The mission for the sound team on Transformers: Revenge of the Fallen was to top the work done on the first Transformers film, nominated for an Oscar in 2007 for best sound mixing. Both films were directed by Michael Bay, known for his spectacular action-and-effects movies. “I’ve been on board with Michael for eight films since The Rock in 1996,” says supervising re-recording mixer Greg Russell. “Each and every film is more ambitious and bolder than the last and this one was no exception.”
On T2, Russell shared the mix work with Gary Summers. It was a first-time pairing for two of Hollywood’s most in-demand re-recording mixers. Russell has been nominated for 12 Best Sound Oscars (recently renamed “Best Sound-Mixing Oscar”) for his work on such films as Pearl Harbor and Spider-Man. Summers won four Oscars in the category, including Saving Private Ryan and Titanic, and has been nominated for three others. Also on the team was production mixer Geoffrey Patterson, who was nominated for an Oscar for Twister.
Russell also has high praise the work of the film’s sound editing and design team: supervising sound editors Ethan van der Ryn and Erik Aadahl, and dialogue supervisor Michael Hopkins.
“T2 was probably the most challenging mix I’ve ever done, just in terms of sheer size,” says Russell. In the sequel, where the menacing Decepticons return once more to battle the human-friendly Autobots, there are double the number of action sequences, and far more robots–some 250, each with a unique sound “voice.”
“The palette of sounds on the film was so huge,” says Russell. “But the goal was to end up with a well-defined, well-articulated mix that above all emphasized clarity.” To reduce the mud factor, a lot of time was spent in the pre-dubbing process to eliminate unneeded sound elements.
While there are a lot of attention-grabbing big sound sequences, there was a concerted effort to make the most of smaller moments. “It’s not big sound all the time,” he notes. “In a film with a lot of action, we do all we can to strip away the soundtrack at times to provide relief and cleanse the palette, so you can have a place to go in the next big dynamic run in the film.”
Composer Steve Jablonsky’s high-impact score also has its dreamier interludes that served as bridges.

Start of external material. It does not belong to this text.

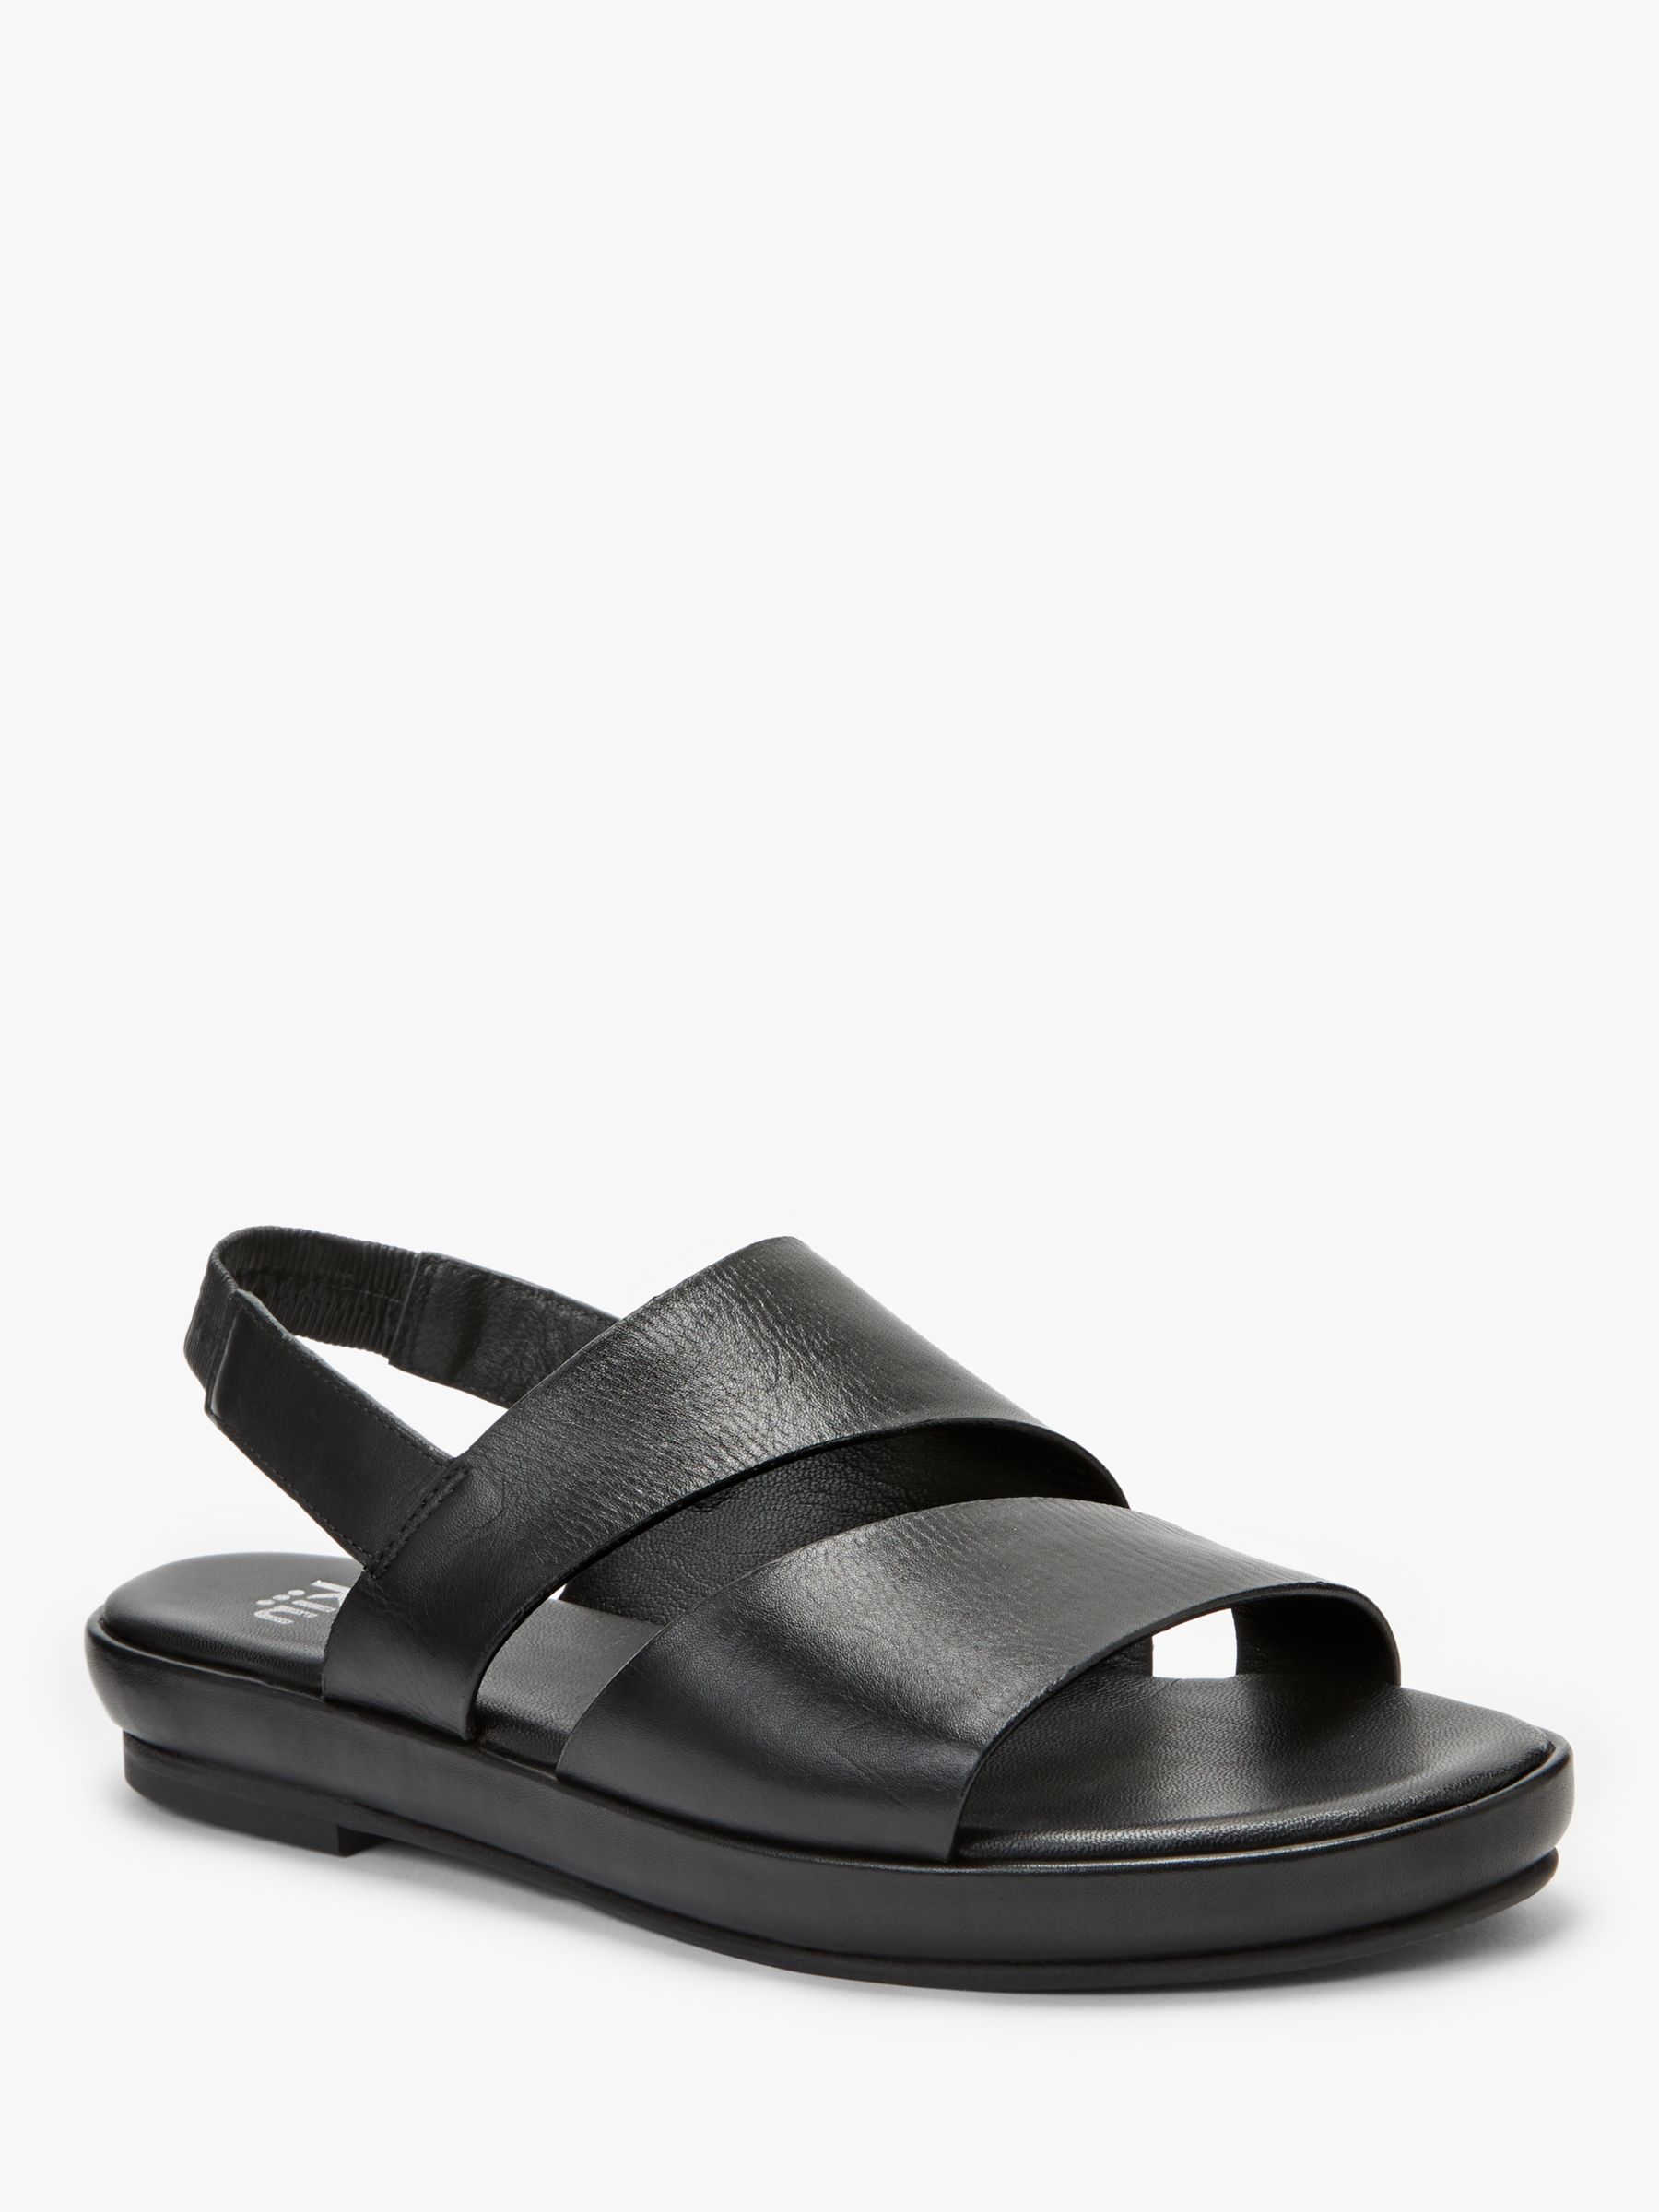 Kin Leone Flat Sandals, Black Leather

Integrating the music was aided by his frequent presence during the mix. “Steve knew how all the elements worked internally and he could tells us what could be taken out of the score so the other sounds could live and not conflict with the music,” says Russell.
Bay is also fully in synch with the sound team’s exertions. “It’s fun to work with a director who is such a huge proponent of sound,” notes Russell. “He considers it to be as much as 50 percent of the audience experience of his films.”